2001.2009. Entre la première reconnaissance institutionnelle de la
scène de Boulazac et celle, nationale et déjà célébrée ce jour se
sont écoulées 9 années, ou plutôt saisons, car c’est de culture et de
spectacles qu’il s’agit ici. Cette belle tranche de vie peut nous
indiquer que le temps institutionnel n’est pas obligatoirement le
même que celui de la création ou que celui qui rythme l’activité d’un
centre culturel, situé à Boulazac, dans l’agglomération de Périgueux,
en Dordogne. Elle nous signifie surtout que ces neuf saisons sont
celles des Arts sauts, de Johann le Guillerm, de Jérôme Thomas, du
GdRA, de Mathurin Bolze. Aux côtés des arts du cirque, ce furent
également des saisons qui ont vu éclore des jeunes talents ou vécu
en direct la confrontation avec des grands noms du théâtre, de la
musique ou de la danse. Rappelons-nous les Tchekhov de Lacascade,
La Religieuse d’Anne Théron, Patrice Chéreau, l’immense Jacques
Bonnaffé, Dominique Blanc ou les danses engagées de Farid’O ou
de Peeping Tom. Chacun de ces projets a participé à cette
reconnaissance, l’a construite autant que les seules créations
circassiennes. Le cirque n’est pas seul, n’est pas fétichisé.
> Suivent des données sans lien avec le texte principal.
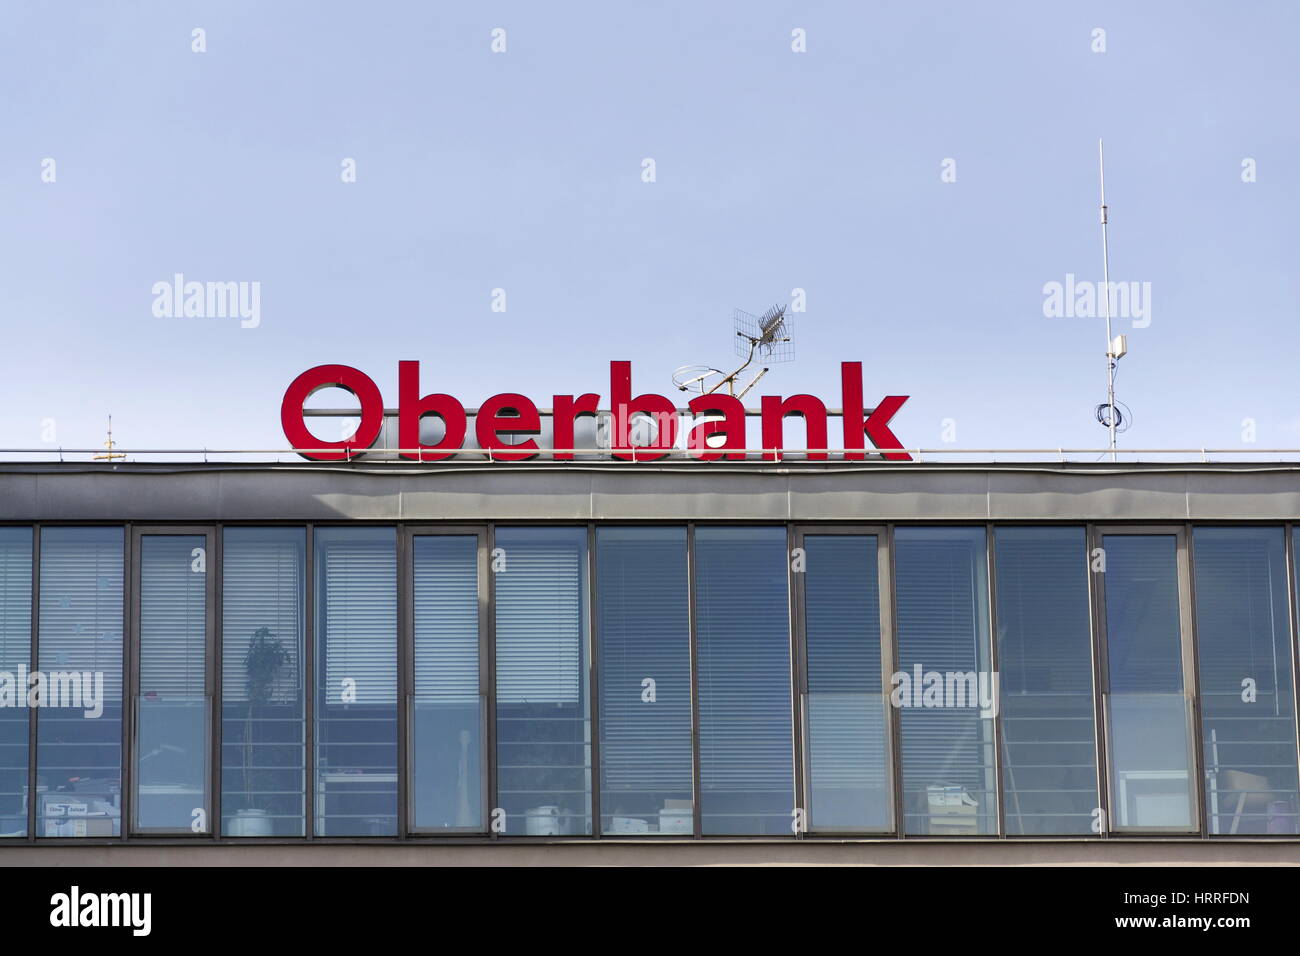 Praga, Repubblica Ceca - 3 Marzo: Oberbank da 3-Banken-Gruppe logo aziendale sulla costruzione della sede centrale ceca il 3 marzo 2017 a Praga, Repubblica Ceca r Foto Stock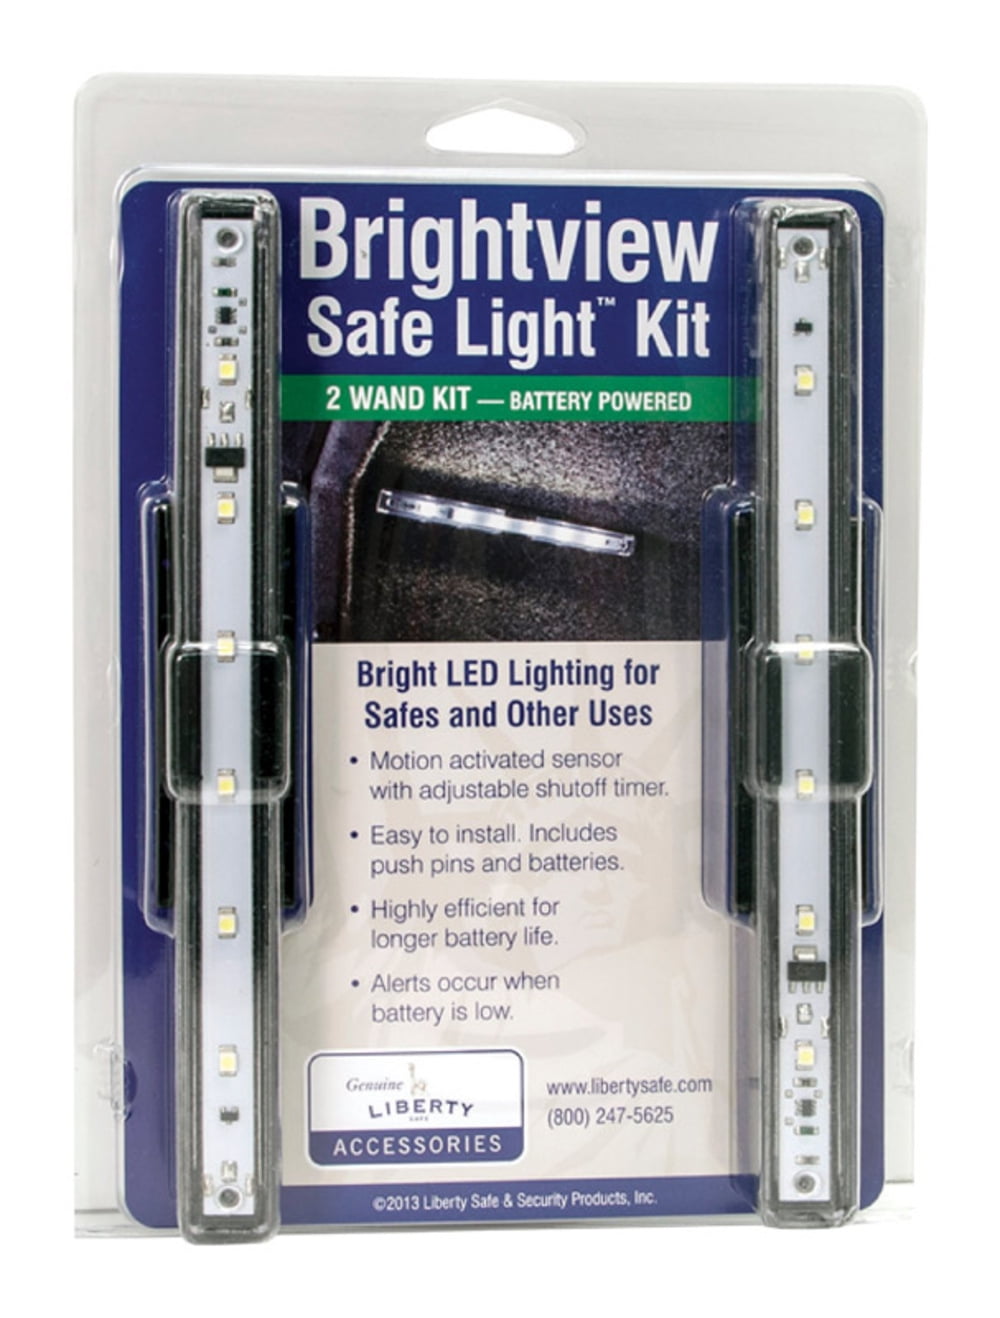 foragte offer Præferencebehandling Liberty Safe 9014528 Brightview White Safe Light Kit - Walmart.com

Sur scène,
la porosité avec les arts frères comme la revendication d’une
technique unique sont des faits admis et salutaires : l’idée de culture
et des arts résiste alors à une double définition, celle d’un monde
d’objets hérités et bridés par le testament, et celle du nécessaire
métissage. Au cœur de ce projet, cette pluridisciplinarité ouvre sur
une saison, voyageant librement parmi des œuvres du répertoire
ou contemporaines. Les Corses d’A Filetta, la voix jazz de la franco-
béninoise Mina Agossi ou la danse flamenco sublimée par
Aurélien Bory voisinent avec une relecture savoureuse de Pagnol par
des Flamands et de Molière par Bérangère Jannelle. Jean-Louis
Trintignant vient célébrer la poésie du XXesiècle avec Desnos, Vian
et Prévert et Anne Conti rend hommage à toutes les femmes
avec un auteur de notre siècle. Et le cirque de cette saison, peut-être
un peu plus légitime que les années précédentes, ne rentre pas
pour autant dans le rang. Malgré le label et l’institutionnalisation qui
va avec, le CirkVOST, AOC et tous les autres continuent sur les pistes
à surprendre, émouvoir, faire rire et rassembler.